7. Line graphThe line chart is a visual tool used to represent data over time. It consists of a series of points connected by lines, which allows you to observe trends, Fluctuations and patterns in the data. This type of chart is especially useful in areas such as economics, Meteorology and scientific research, making it easier to compare different data sets and identify behaviors across the board..
- A line chart is a type of chart that displays information as a series of data points called 'markers.’ connected by straight line segments.
- It is similar to a scatter plot, except that the measurement points are ordered (usually by its x-axis value) and joined with straight line segments.
- Line charts are generally used to find relationships between two numeric variables or to visualize a trend in time series data..
Let's draw a scatter plot to evaluate the relationship between Horsepower Y MPG.city.
8. Heat mapa "heat map" is a graphical representation that uses colors to show the density of data in a specific area. Commonly used in data analytics, Marketing and behavioral studies, This type of visualization allows you to identify patterns and trends quickly. Through chromatic variations, Heat maps make it easier to interpret large volumes of information, helping to make informed decisions....
- A heat map is a two-dimensional graphical representation of data, while the matrix values are represented in different shades of colors.
- A heat map is intended to provide a color-coded visual summary of data / information.
- Seaborn also allows annotated heat maps.
Let's draw a heat map to represent the correlation matrix of cars93 data.
9. Violin frame
- Los diagramas de violín son similares a los box plotsBox Diagrams, Also known as box and whisker diagrams, are statistical tools that represent the distribution of a dataset.
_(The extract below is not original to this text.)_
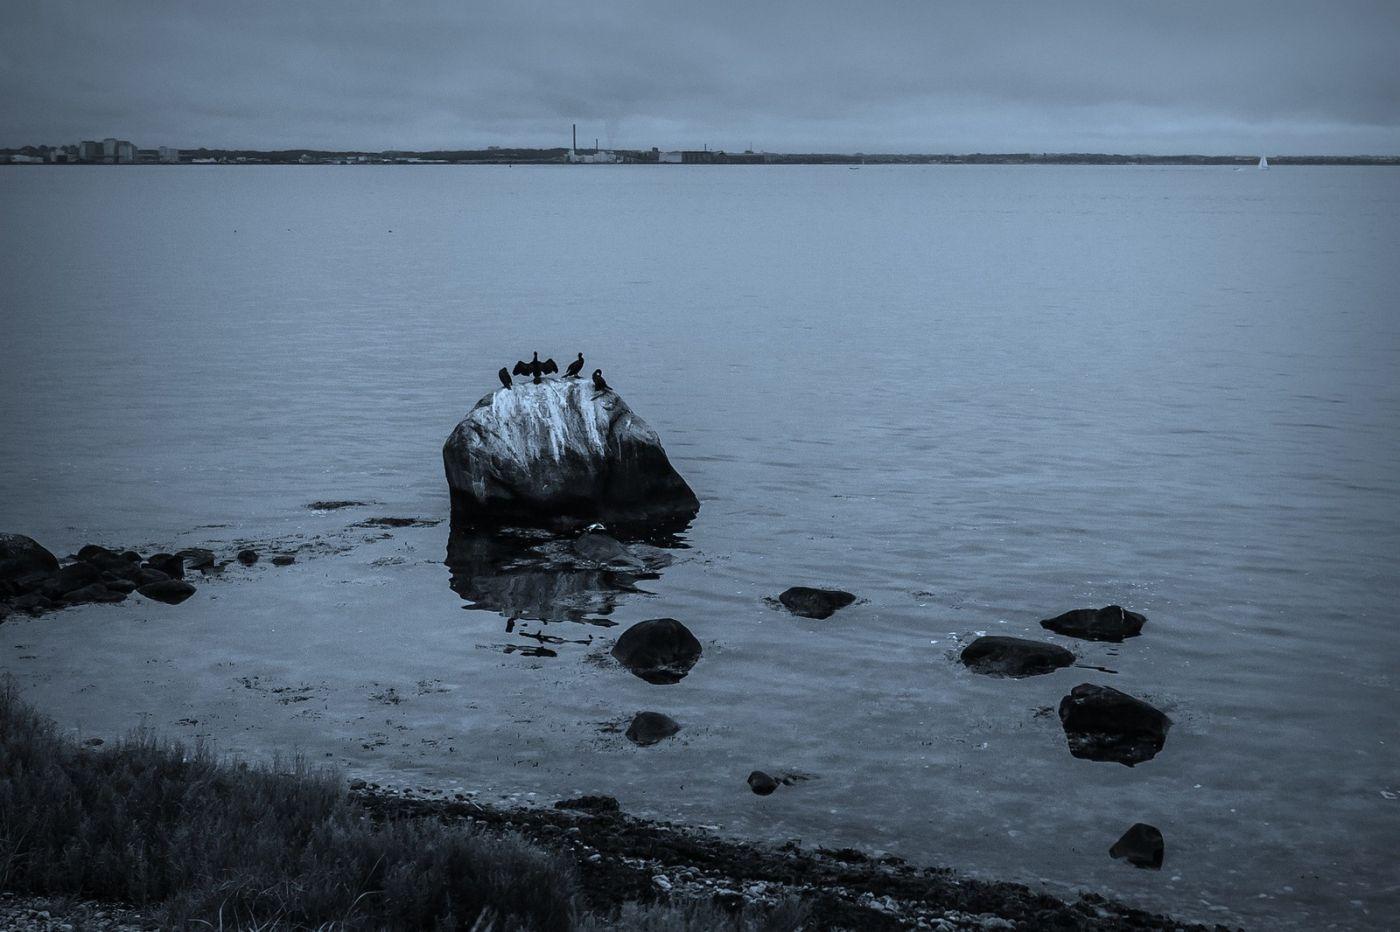 丹麦哥本哈根,坐船看市景_图1-32

These diagrams show the median, quartiles and outliers, allowing data variability and symmetry to be visualized. They are useful in comparison between different groups and in exploratory analysis, making it easier to identify trends and patterns in the data...., except they also show the probability density of the data at different values. In other words, the fiddle diagramThe violin diagram is a graphical representation that combines features of a boxplot and a density graph. Used to visualize the distribution of a dataset, showing both the median and variability through their shape, that resembles a violin. This type of graph is very useful in statistical analysis, ya que permite comparar múltiples distribuciones de forma clara y efectiva.... es una combinación de diagrama de caja y diagrama de densidad.
- Wider sections of the violin plot indicate a higher probability, while narrow sections indicate a lower probability.
The violin plot of the Price The function is shown below.
In the same way, we can customize it using Plotly to display the table and all data points.
10. Word cloud
- Word Cloud is a visualization technique to represent the frequency of words within a given text segment.
- The size of a word indicates how often it appears in the text. The bigger the size, the greater the importance (frequency), while the smaller the size, less will be the importance (frequency).
- Word clouds are often used to represent the frequency of words in text documents., reports, website data, public speeches, etc.
Word cloud of a chosen one text document it is as shown below.
Final notes
In this article, we discuss different types of graphics / graphics using Plotly and Python. Plotly highly recommended for creating interactive visualizations.
The media shown in this article is not the property of DataPeaker and is used at the author's discretion.